IMG_1478I began working with Elle Flanders and Tamira Sawatzky aka Public Studio in 2011, when I composed music and did sound design/installation for their multi-channel film work Road Movie. The piece explores the segregated road system in the West Bank, with perspectives from Israelis and Palestinians. Recently I’ve been working on the sound for Public Studio’s current long-running project What Isn’t There, documenting the Palestinian villages of 1948, from which their Arab inhabitants were displaced and exiled. This latest installment in Public Studio’s 15-year process with the villages is a multi-channel film installation featuring 14 villages.

Up until last week, I had never traveled to Israel/Palestine, and so had been learning about the area through various books, news and editorial media and through immersion in the sound recordings from Public Studio’s location shoots so far. Last week I finally went there myself, to take the Public Studio deluxe tour of the West Bank, record sound at some village sites, and to try to parse the long history of conquests that is writ large on the landscape, from Roman ruins to Marmaluke fortresses to Palestinian olive groves to Bedouin encampments to Israeli army bases, checkpoints, and walled-in settlements.

Suba 3Suba, a Palestinian village built on the ruins of a Crusader fort
AF+TS eat almondsTamira and I take a beak to sample some tart green almonds off the tree…

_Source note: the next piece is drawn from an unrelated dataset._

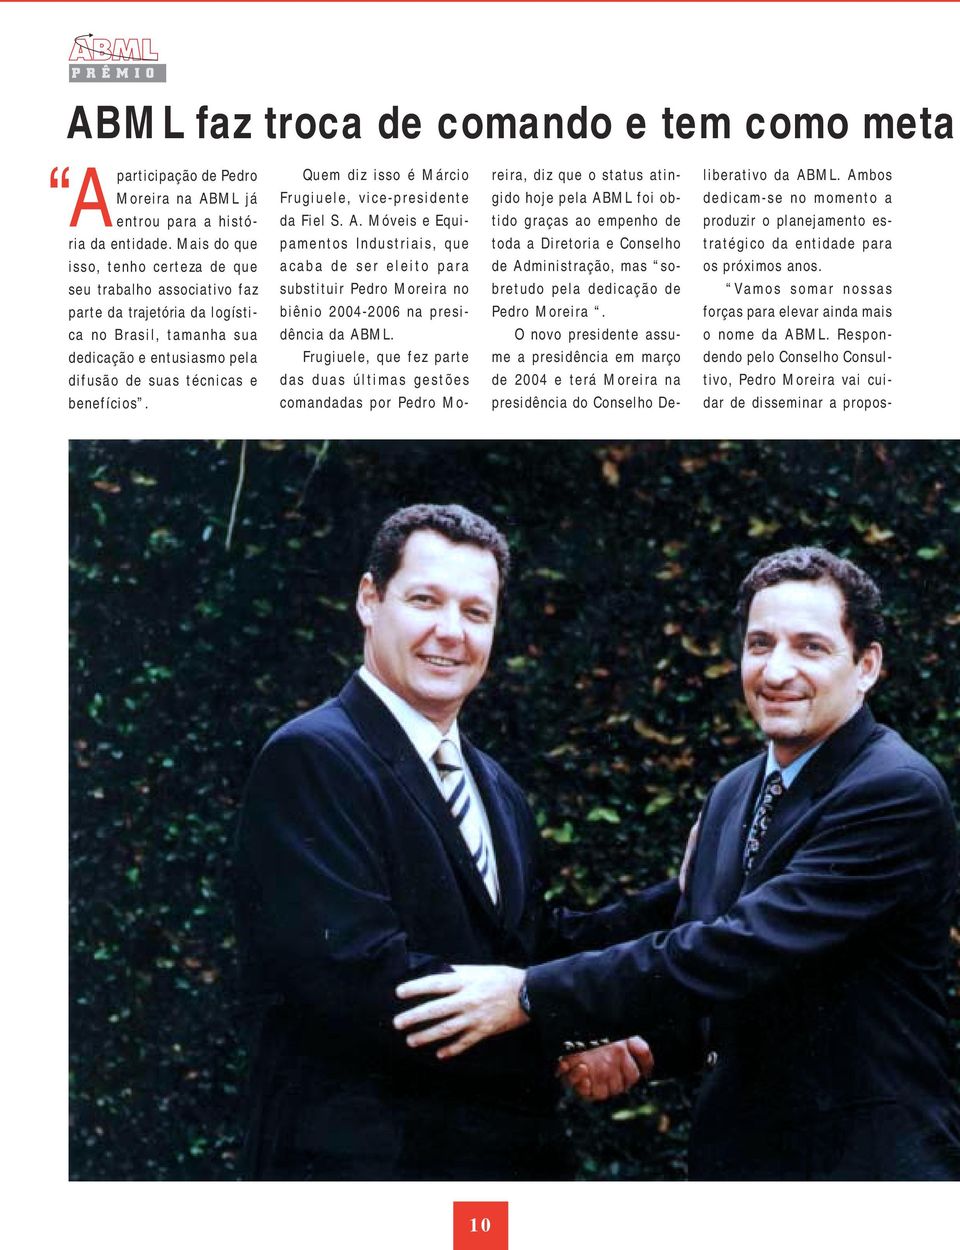 Quem diz isso é Márcio Frugiuele, vice-presidente da Fiel S. A. Móveis e Equipamentos Industriais, que acaba de ser eleito para substituir Pedro Moreira no biênio 2004-2006 na presidência da ABML.

The current situation is quite literally inscribed on the land, revealing that this is now a battle that is largely being fought by pervasive, insidious construction and control of infrastructure, where the one with the biggest walls, the fastest roads, and control of the checkpoints wins. On the hilltops in Palestine, the radio communications towers are the one of first indications that an illegal Israeli settlement is coming, bringing walls and soldiers and strangely Santa Fe style-suburban homes with them.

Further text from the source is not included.